Even though the autoencoder is constrained to use only 200 hidden neurons, it manages outputs that are very similar to the original images. This means that we don't need 784 bits of information to store a recognisible digit: they are perfectly recognisable using only 200 bits of information (and possibly less).

Now that we've trained the autoencoder, what can we do with it? We can feed images through it and it will detect the presence of these visual features. The outputs of the autoencoder's hidden layer can be fed directly into other machine learning techniques. So, instead of trying to learn from the 784 pixels that make up each image, we can learn from the 200 outputs of our autoencoder, each of which will correspond to meaningful visual features (strokes, arcs, circles, etc).

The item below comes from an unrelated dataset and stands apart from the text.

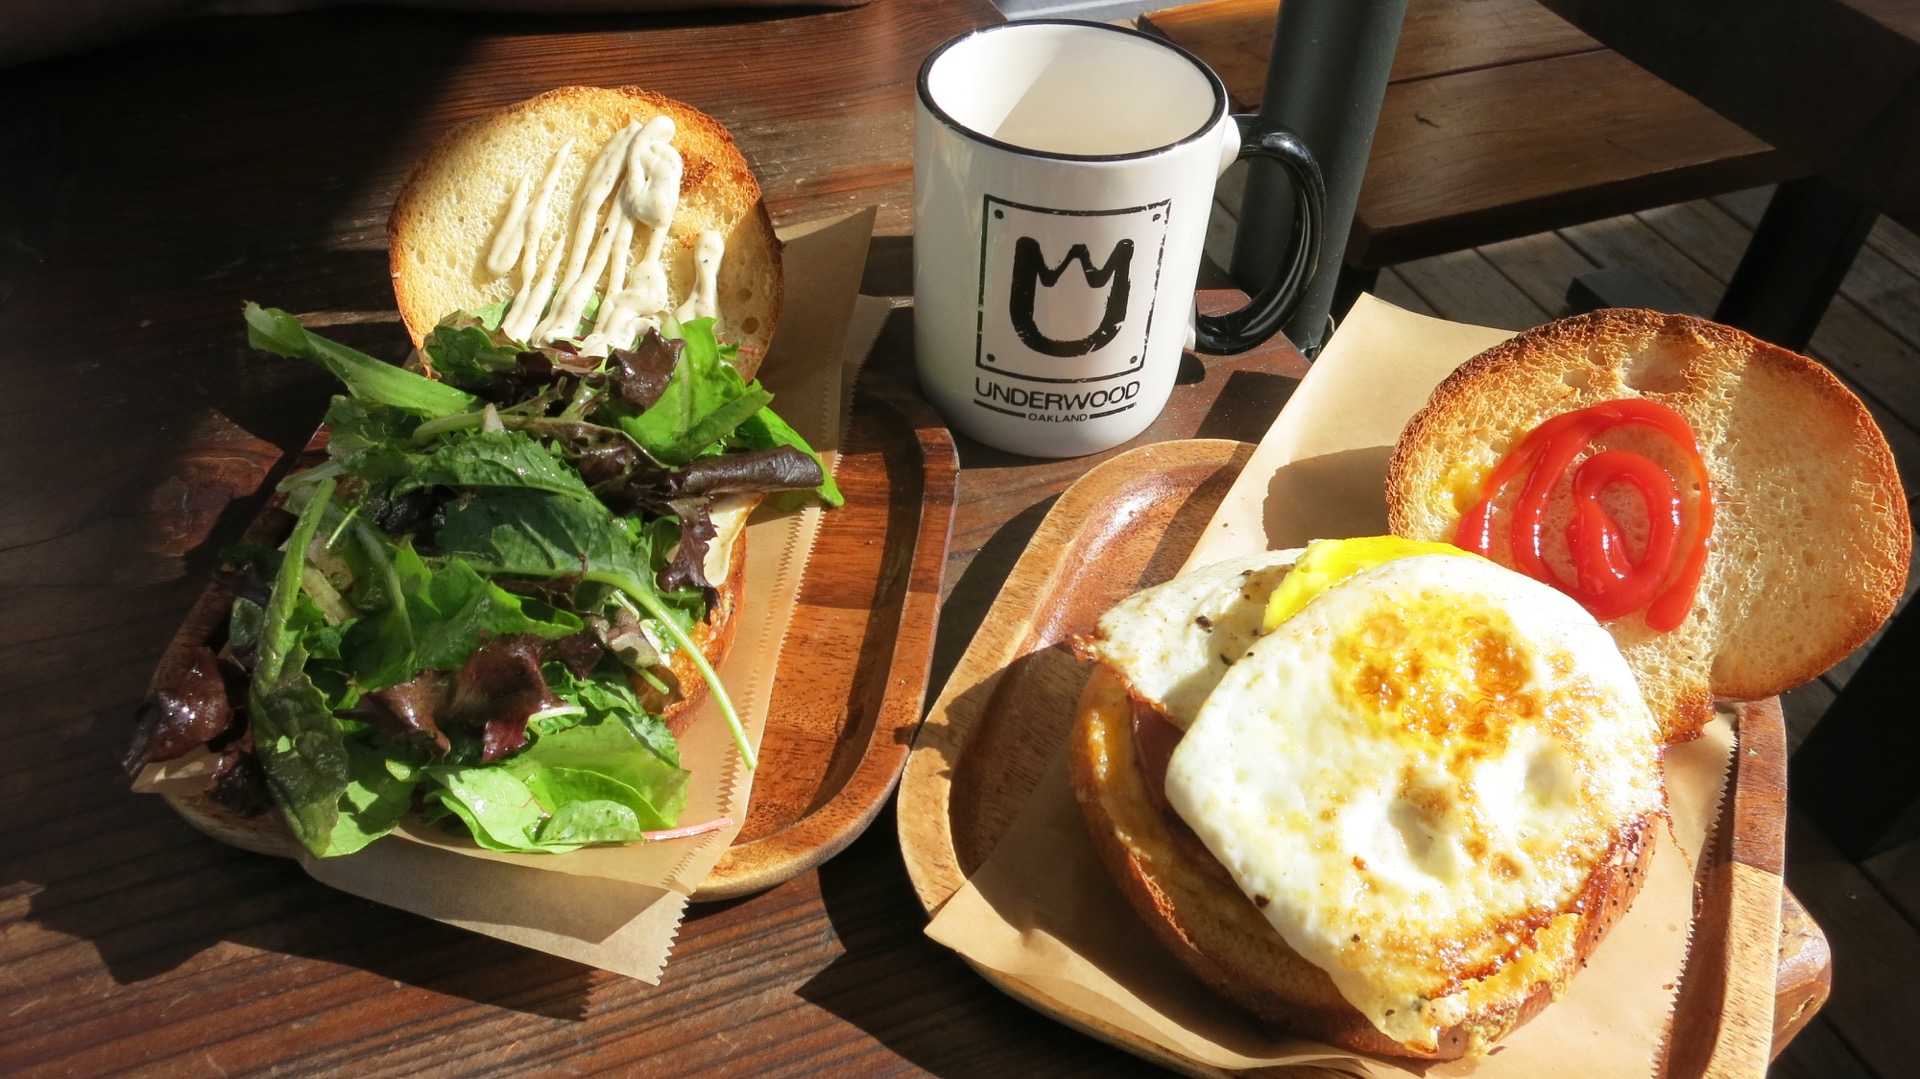 The Yoakland and Jersey Breakfast sandwiches from Oakland's Cafe Underwood are inspired takes on what you'd find in delis in the tri-state area.

And although it has been trained on handwritten digits, we could feed other sorts of images through it. For example, we might feed images of letters to it and have it tell us whether these types of penstrokes are present. In this way, our autoencoder has abstracted useful visual features which can be generalised.

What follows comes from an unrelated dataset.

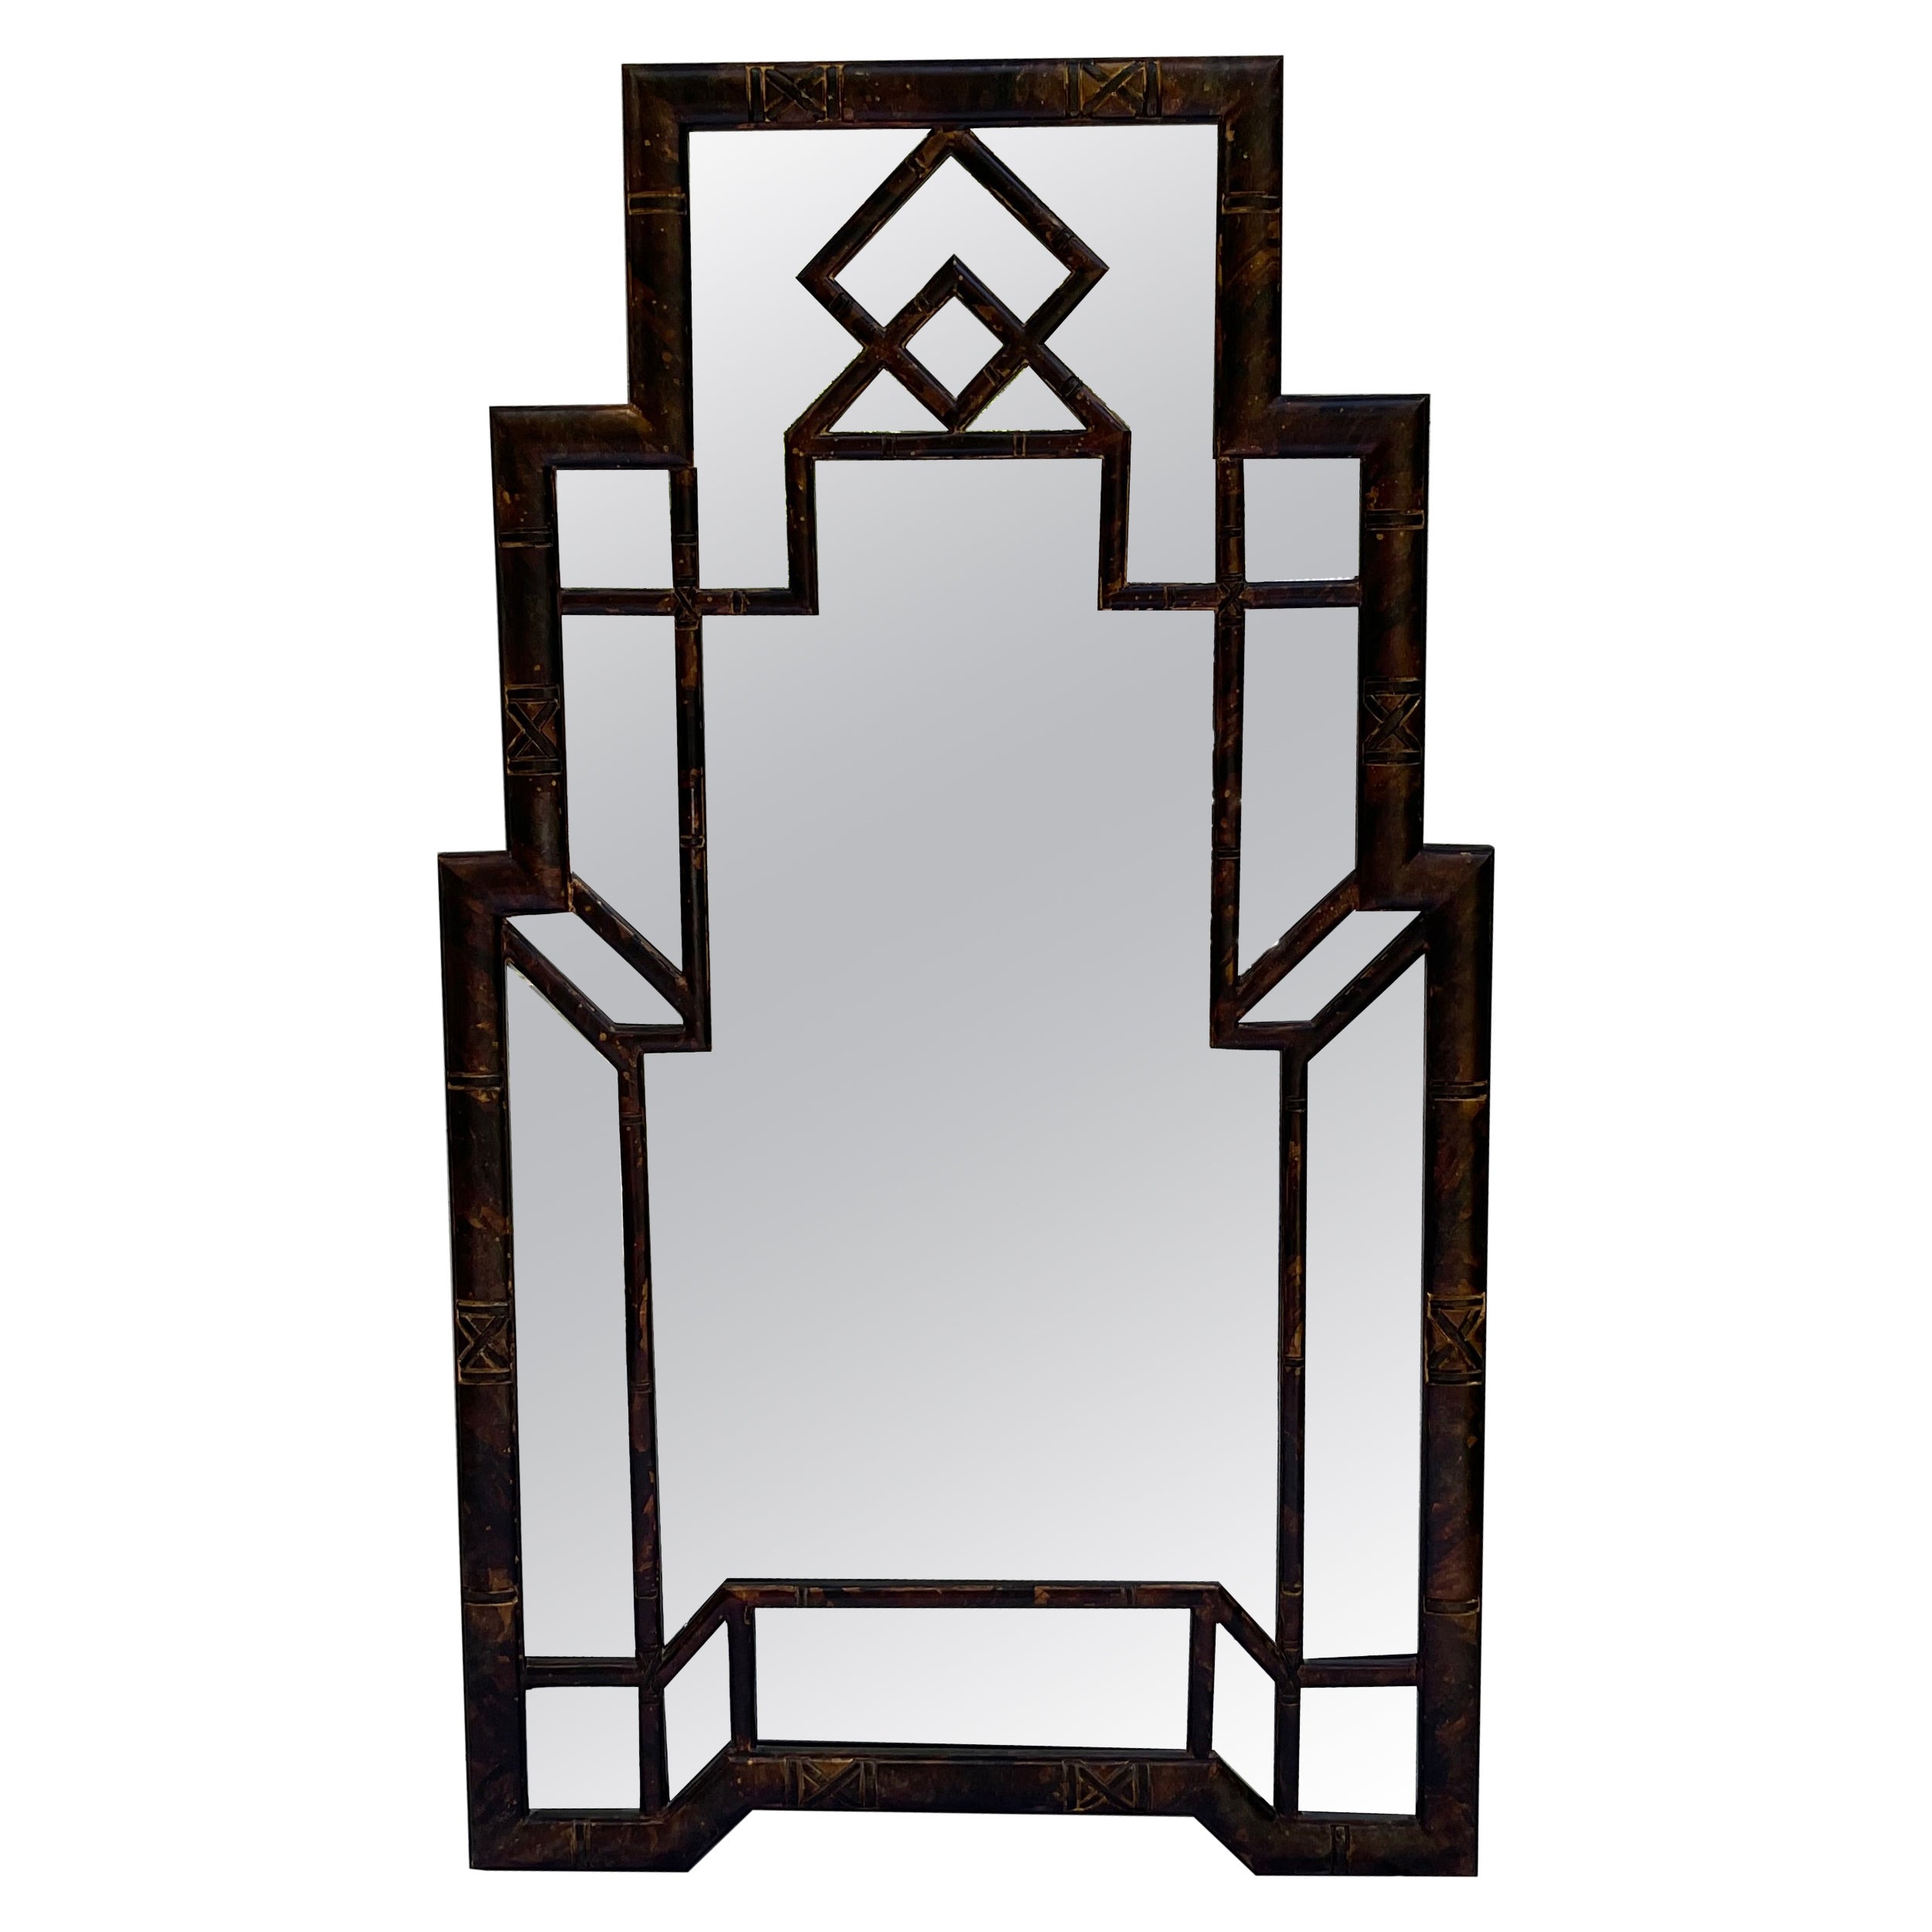 Faux Tortoise Art Deco Style Mirror by Carol Canner

Postscript: deep learning & stacked autoencoders

The autoencoder is one of a handful of advances in neural networks which are collectively referred to as deep learning. Deep learning approaches have lead to breakthroughs in computer vision and speech recognition, and power services like Facebook's face recognition and Siri. Deep learning has been so successful that it has even graduated to mainstream buzz with press articles like 'Deep Learning' Will Soon Give Us Super-Smart Robots (Wired) and Google develops computer program capable of learning tasks independently (the Guardian). Here's a typical sentence from the Guardian's article: "The agent uses a method called 'deep learning' to turn the basic visual input into meaningful concepts, mirroring the way the human brain takes raw sensory information and transforms it into a rich understanding of the world."

So what is it? "Deep learning" is often used in a vague, hand-wavy way to mean "really big neural networks." But I think we're really talking about three developments in neural networks which have made them much more effective:

Massive increases in computing power enabling much bigger networks trained on much larger datasets. (This is obvious and not terribly interesting). Reportedly, the neural network that powers the image classification in Google Photos is 13 layers deep.
Development of strategies for generalising learning: Facial recognition is made difficult because faces can appear in images near or far, in different locations, in profile or rotated in different directions, etc. Accents present a similar problem for speech recognition. A variety of interesting strategies have been proposed to counter these problems, a good example of which is the convolutional neural network.
Development of strategies for abstracting meaningful features from data

It's the third point we've been discussing today. In large deep learning neural networks, there would be a hierarchy of autoencoder-like layers, each of which abstracts higher level features from previous layers. For example, the lowest layer would detect edges (like our autoencoder), the second layer might use combinations of edges to detect shapes, the third layer could combine the shapes into objects, and so on. By the final layers, features are being combined into meaningful objects.

We understand that the human perceptual systems operate in a similar fashion - with a hierarchy of increasingly complex feature detectors. Since our perceptual systems are frankly amazing, it makes sense to design machine learning systems that mimic them.